▶ ACTIVITY
The output is to match the entries below character for character.
── ENTRIES SUPPLIED
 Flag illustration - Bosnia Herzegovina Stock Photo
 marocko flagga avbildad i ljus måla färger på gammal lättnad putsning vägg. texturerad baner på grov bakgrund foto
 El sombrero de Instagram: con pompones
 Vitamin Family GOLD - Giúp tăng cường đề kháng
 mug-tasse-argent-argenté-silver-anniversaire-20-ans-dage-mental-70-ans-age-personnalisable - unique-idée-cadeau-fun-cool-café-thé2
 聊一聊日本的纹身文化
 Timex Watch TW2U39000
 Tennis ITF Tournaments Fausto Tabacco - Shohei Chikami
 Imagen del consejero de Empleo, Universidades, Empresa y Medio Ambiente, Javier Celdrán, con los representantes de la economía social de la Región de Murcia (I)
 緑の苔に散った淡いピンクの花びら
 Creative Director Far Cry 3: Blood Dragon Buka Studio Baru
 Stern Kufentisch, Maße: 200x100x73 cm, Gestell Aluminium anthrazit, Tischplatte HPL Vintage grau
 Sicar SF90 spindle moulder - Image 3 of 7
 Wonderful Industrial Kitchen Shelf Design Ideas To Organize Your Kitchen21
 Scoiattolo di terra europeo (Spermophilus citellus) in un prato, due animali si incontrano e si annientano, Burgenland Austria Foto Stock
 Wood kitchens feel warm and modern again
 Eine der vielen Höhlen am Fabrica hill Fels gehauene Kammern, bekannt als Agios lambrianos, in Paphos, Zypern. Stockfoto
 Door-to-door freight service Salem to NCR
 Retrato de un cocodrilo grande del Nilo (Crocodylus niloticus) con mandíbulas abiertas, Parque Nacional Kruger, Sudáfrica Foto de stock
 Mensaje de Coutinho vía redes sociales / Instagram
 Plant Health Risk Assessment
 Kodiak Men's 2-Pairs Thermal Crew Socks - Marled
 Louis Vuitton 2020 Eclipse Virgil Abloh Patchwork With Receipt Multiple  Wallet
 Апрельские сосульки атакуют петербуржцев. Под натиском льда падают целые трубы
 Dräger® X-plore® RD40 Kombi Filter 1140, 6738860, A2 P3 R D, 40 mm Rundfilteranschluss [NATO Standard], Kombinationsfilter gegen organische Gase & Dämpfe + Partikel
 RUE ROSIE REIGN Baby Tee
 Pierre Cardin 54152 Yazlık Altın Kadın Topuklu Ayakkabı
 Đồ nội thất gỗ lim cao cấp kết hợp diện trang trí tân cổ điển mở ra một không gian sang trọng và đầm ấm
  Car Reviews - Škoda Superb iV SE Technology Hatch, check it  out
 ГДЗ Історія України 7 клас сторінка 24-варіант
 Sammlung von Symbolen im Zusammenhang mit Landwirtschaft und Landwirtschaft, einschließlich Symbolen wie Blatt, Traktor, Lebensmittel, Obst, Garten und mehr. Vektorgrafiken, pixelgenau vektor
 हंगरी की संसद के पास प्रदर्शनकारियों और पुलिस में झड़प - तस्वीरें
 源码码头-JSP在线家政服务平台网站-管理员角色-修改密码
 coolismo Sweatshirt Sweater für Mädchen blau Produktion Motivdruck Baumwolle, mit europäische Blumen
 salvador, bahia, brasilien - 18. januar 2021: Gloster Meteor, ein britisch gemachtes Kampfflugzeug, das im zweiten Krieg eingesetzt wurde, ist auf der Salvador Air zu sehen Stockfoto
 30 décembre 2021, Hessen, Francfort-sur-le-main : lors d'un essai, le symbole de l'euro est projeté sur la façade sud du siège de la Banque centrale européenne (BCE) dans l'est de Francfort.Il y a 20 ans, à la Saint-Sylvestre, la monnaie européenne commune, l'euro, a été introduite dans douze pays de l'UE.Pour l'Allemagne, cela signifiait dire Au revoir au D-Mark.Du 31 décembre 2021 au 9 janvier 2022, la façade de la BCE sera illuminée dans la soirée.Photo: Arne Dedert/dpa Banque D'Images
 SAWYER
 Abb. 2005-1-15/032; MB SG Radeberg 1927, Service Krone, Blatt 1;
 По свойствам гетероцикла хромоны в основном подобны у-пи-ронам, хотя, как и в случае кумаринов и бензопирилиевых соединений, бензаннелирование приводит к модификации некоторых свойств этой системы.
────
▶ ANSWER TO THIS EXERCISE
 Flag illustration - Bosnia Herzegovina Stock Photo
 marocko flagga avbildad i ljus måla färger på gammal lättnad putsning vägg. texturerad baner på grov bakgrund foto
 El sombrero de Instagram: con pompones
 Vitamin Family GOLD - Giúp tăng cường đề kháng
 mug-tasse-argent-argenté-silver-anniversaire-20-ans-dage-mental-70-ans-age-personnalisable - unique-idée-cadeau-fun-cool-café-thé2
 聊一聊日本的纹身文化
 Timex Watch TW2U39000
 Tennis ITF Tournaments Fausto Tabacco - Shohei Chikami
 Imagen del consejero de Empleo, Universidades, Empresa y Medio Ambiente, Javier Celdrán, con los representantes de la economía social de la Región de Murcia (I)
 緑の苔に散った淡いピンクの花びら
 Creative Director Far Cry 3: Blood Dragon Buka Studio Baru
 Stern Kufentisch, Maße: 200x100x73 cm, Gestell Aluminium anthrazit, Tischplatte HPL Vintage grau
 Sicar SF90 spindle moulder - Image 3 of 7
 Wonderful Industrial Kitchen Shelf Design Ideas To Organize Your Kitchen21
 Scoiattolo di terra europeo (Spermophilus citellus) in un prato, due animali si incontrano e si annientano, Burgenland Austria Foto Stock
 Wood kitchens feel warm and modern again
 Eine der vielen Höhlen am Fabrica hill Fels gehauene Kammern, bekannt als Agios lambrianos, in Paphos, Zypern. Stockfoto
 Door-to-door freight service Salem to NCR
 Retrato de un cocodrilo grande del Nilo (Crocodylus niloticus) con mandíbulas abiertas, Parque Nacional Kruger, Sudáfrica Foto de stock
 Mensaje de Coutinho vía redes sociales / Instagram
 Plant Health Risk Assessment
 Kodiak Men's 2-Pairs Thermal Crew Socks - Marled
 Louis Vuitton 2020 Eclipse Virgil Abloh Patchwork With Receipt Multiple  Wallet
 Апрельские сосульки атакуют петербуржцев. Под натиском льда падают целые трубы
 Dräger® X-plore® RD40 Kombi Filter 1140, 6738860, A2 P3 R D, 40 mm Rundfilteranschluss [NATO Standard], Kombinationsfilter gegen organische Gase & Dämpfe + Partikel
 RUE ROSIE REIGN Baby Tee
 Pierre Cardin 54152 Yazlık Altın Kadın Topuklu Ayakkabı
 Đồ nội thất gỗ lim cao cấp kết hợp diện trang trí tân cổ điển mở ra một không gian sang trọng và đầm ấm
  Car Reviews - Škoda Superb iV SE Technology Hatch, check it  out
 ГДЗ Історія України 7 клас сторінка 24-варіант
 Sammlung von Symbolen im Zusammenhang mit Landwirtschaft und Landwirtschaft, einschließlich Symbolen wie Blatt, Traktor, Lebensmittel, Obst, Garten und mehr. Vektorgrafiken, pixelgenau vektor
 हंगरी की संसद के पास प्रदर्शनकारियों और पुलिस में झड़प - तस्वीरें
 源码码头-JSP在线家政服务平台网站-管理员角色-修改密码
 coolismo Sweatshirt Sweater für Mädchen blau Produktion Motivdruck Baumwolle, mit europäische Blumen
 salvador, bahia, brasilien - 18. januar 2021: Gloster Meteor, ein britisch gemachtes Kampfflugzeug, das im zweiten Krieg eingesetzt wurde, ist auf der Salvador Air zu sehen Stockfoto
 30 décembre 2021, Hessen, Francfort-sur-le-main : lors d'un essai, le symbole de l'euro est projeté sur la façade sud du siège de la Banque centrale européenne (BCE) dans l'est de Francfort.Il y a 20 ans, à la Saint-Sylvestre, la monnaie européenne commune, l'euro, a été introduite dans douze pays de l'UE.Pour l'Allemagne, cela signifiait dire Au revoir au D-Mark.Du 31 décembre 2021 au 9 janvier 2022, la façade de la BCE sera illuminée dans la soirée.Photo: Arne Dedert/dpa Banque D'Images
 SAWYER
 Abb. 2005-1-15/032; MB SG Radeberg 1927, Service Krone, Blatt 1;
 По свойствам гетероцикла хромоны в основном подобны у-пи-ронам, хотя, как и в случае кумаринов и бензопирилиевых соединений, бензаннелирование приводит к модификации некоторых свойств этой системы.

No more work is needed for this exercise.